Here in central California, most of the bird species are replacing the feathers that have been worn out during the breeding season.  The feathers that are falling out are being replaced by the feathers they will use to migrate to their non-breeding grounds.  This molt that they are going through is called the prebasic molt.  The general pattern that most birds have is a prebasic molt in the fall that leads to their basic plumage.  This is their simpler, duller, non-breeding plumage.  Basic.  When they are ready to return, they will go through a prealternate molt that will lead to their alternate plumage.  This is the bright showy plumage of the breeding season.  Not all species adhere to this pattern, but is a quite common one that is adopted by a lot of birds.  Different species have different details of the timing of their molts.  For example, the Yellow-billed Magpies have largely just finished their molt, while the Western Scrub Jays are in the middle of theirs.  How far a bird migrates, how it fared in the breeding season, if it had a single brood or had multiple broods, even how hard its spring migration or non-breeding season before may have been can all effect the timing of molt.

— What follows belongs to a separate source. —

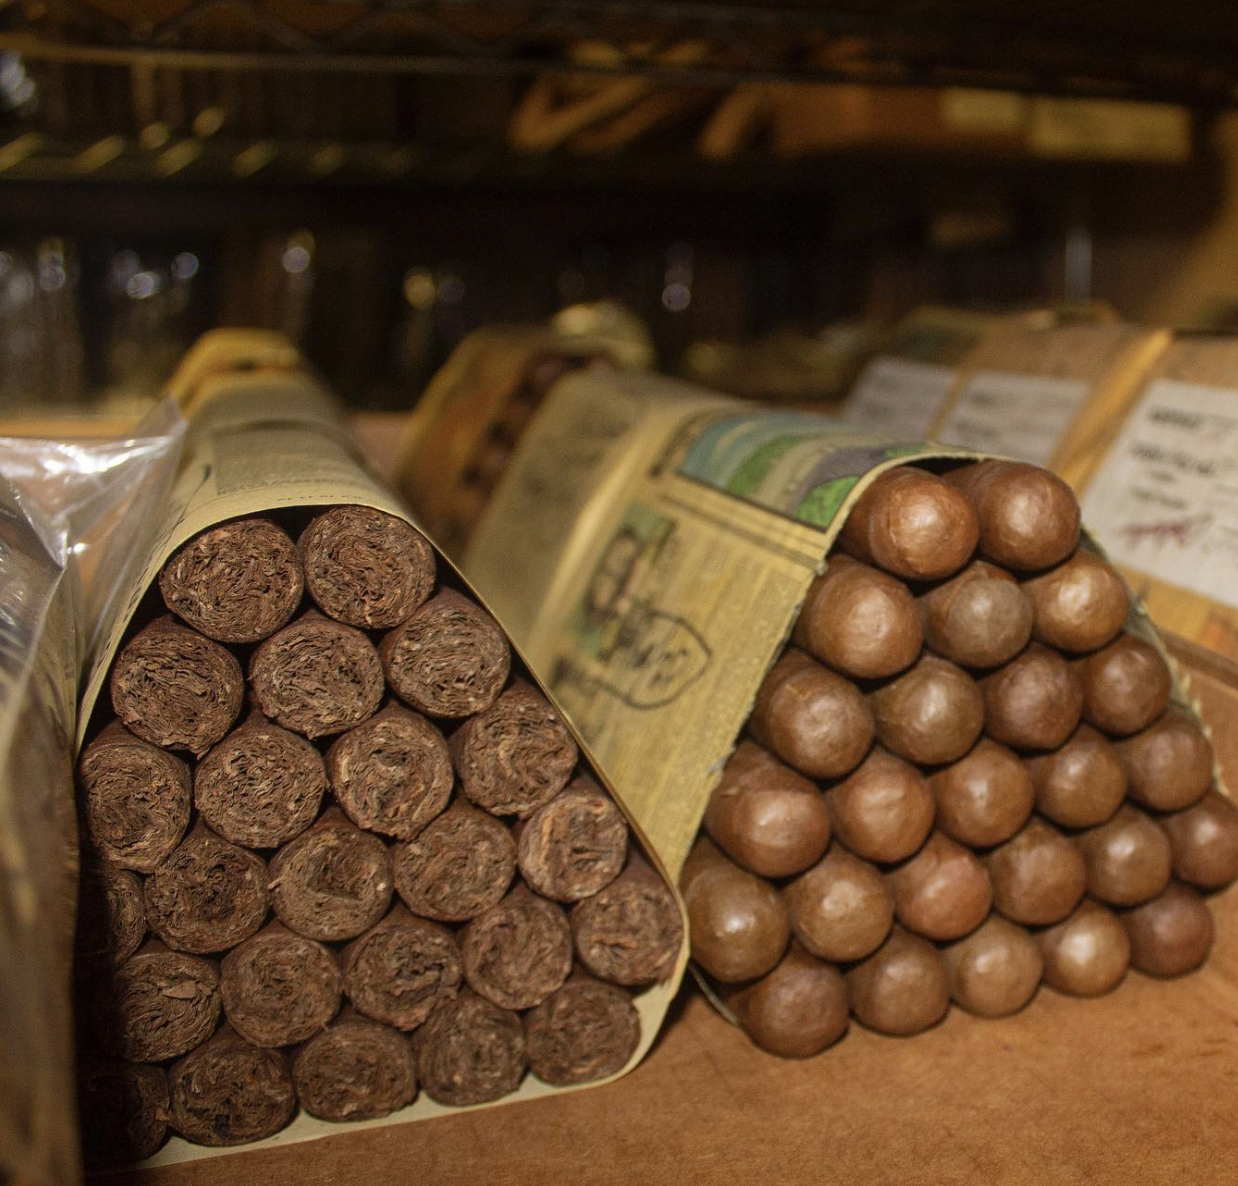 Bobalu's Buyer's Club: BOGO, 50% off single cigars

Molt is a significant endeavor to undertake twice a year.  The feathers of a bird can account for between 4% and 12% of a birds body mass, so it takes a large amount of energy and resources to replace them.  Mass for mass, this is equivalent to a human replacing all the tissue in their brain, liver, heart, lungs and skin!  But, replacing them is necessary.  As feathers age, they ware and break down.  This reduces their ability to keep a bird dry and temperature controlled.  It also causes a drop in flight efficiency.

Molt can also be used to determine a birds’ age.  Since feathers get more and more worn the longer they are retained by a bird, it is sometimes possible to see different feathers that have different amounts of ware side by side.  Depending on the pattern of where these feathers are, and how many different ‘generations’ of feathers are present, a trained eye can tell if a particular bird hatched this year, the year before, or the year before that!  So as you go out birding, pay attention to the feathers of the birds you see.  There are all kinds if details to be learned about their lives.